O cego que vê TV




O cego que vê TV

Rogel Samuel

Pois um dos inúmeros méritos do livro de Leila Míccolis, Passagem de Calabar, é o de revelar, salientar, enfatizar, chamar à cena o leitor para a importância e beleza desse belo poema dramático, talvez o melhor da literatura brasileira, que se equipara ao “Marinheiro” de Fernando Pessoa.


Calabar foi escrito para ser representado. Traz para nós os conceitos de pátria, cidadania, memória. E também de alienação, da alienação da classe média brasileira. Ou seja: “Calabar está onde não está”, o que quer dizer que ele está em toda parte. Quem o diz é “Uma voz”, um personagem fantasma, que deve ser tudo, talvez seja mesmo a Voz da História, a voz das esquerdas, a voz política, a voz crítica.
Como “A viúva de Calabar” é a voz da revolução, da luta armada, a voz que chama para as ruas, para o grito dos excluídos, que diz “que meu ódio esteja em toda a parte”, o ódio revolta, o ódio nordestino.


O poema dramático de Ledo Ivo estampou um país fracionado, dividido, entre Norte/Nordeste e Sul/Sudeste, entre o Brasil que recebe Bolsa Família e o Brasil que não precisa receber, entre o político nordestino analfabeto de esquerda sem um dedo e o político empresário paulista intelectual doutor cosmopolita. O poema mostra a divisão ideológica do Brasil, ainda que a Leila tentou passar por cima disso para não ferir a mesma ferida. Neste poema, extremamente dramático, Ledo Ivo deu voz a quem não a tem, fez falar e mesmo gritar a grande massa da população pobre, pois “quem te fez em pedaços” que lamba as pedras, que beba a água salgada e morra na sua sede.

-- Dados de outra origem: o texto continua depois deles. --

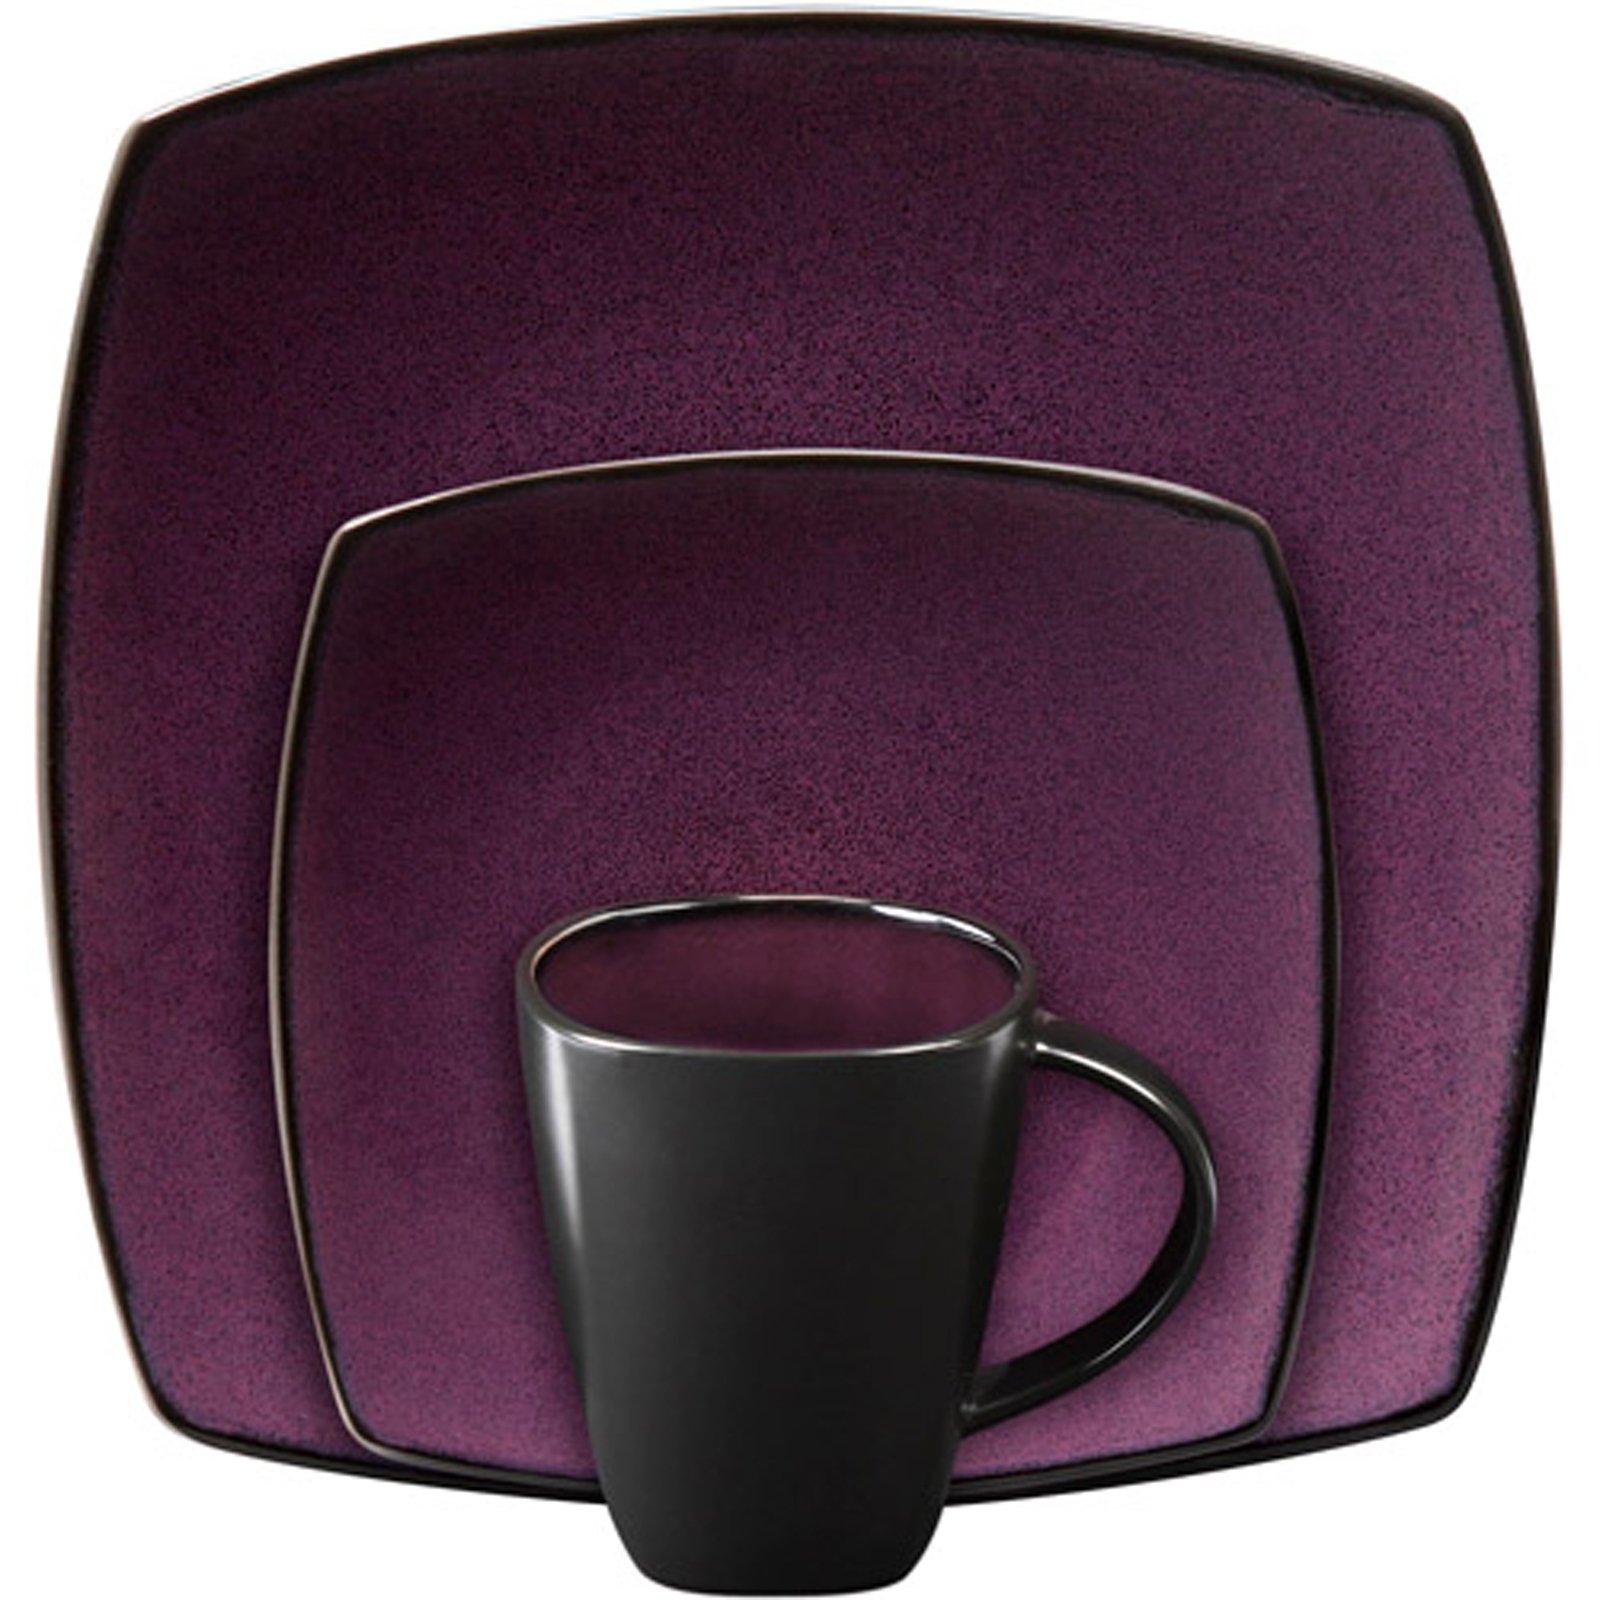 Gibson Soho Lounge Purple 16 Piece Dinnerware Set

Para Ledo Ivo, “a História é uma ficção”, ou seja, uma narrativa, um personagem, uma Voz. “Para mim, não há verdade histórica. Há a versão do vencedor, do vencido, do observador, do pesquisador, etc. Como poeta, não estou interessado na verdade, e sim na mentira, no mito, na mitografia, na mitologia. Calabar é uma figura mítica.”
A história é sua versão, a história é uma versão da verdade.
Ledo Ivo criou também a versão dos vencidos, criou a versão dos personagens do poema. Algumas versões são dos vencidos, como do “Alagoano”, que diz:


Assim eu sou coisa grátis,
já que não tenho valor.


E criou a versão da classe média brasileira, enriquecida, alienada, que não vê nada, que não sabe de nada, que nada pensa, que não é capaz de ver o que não está na TV:


Quem vê nem sempre vê.
O melhor cego é aquele
que vê na TV.


Que esses versos valem por um poema inteiro e são da maior atualidade!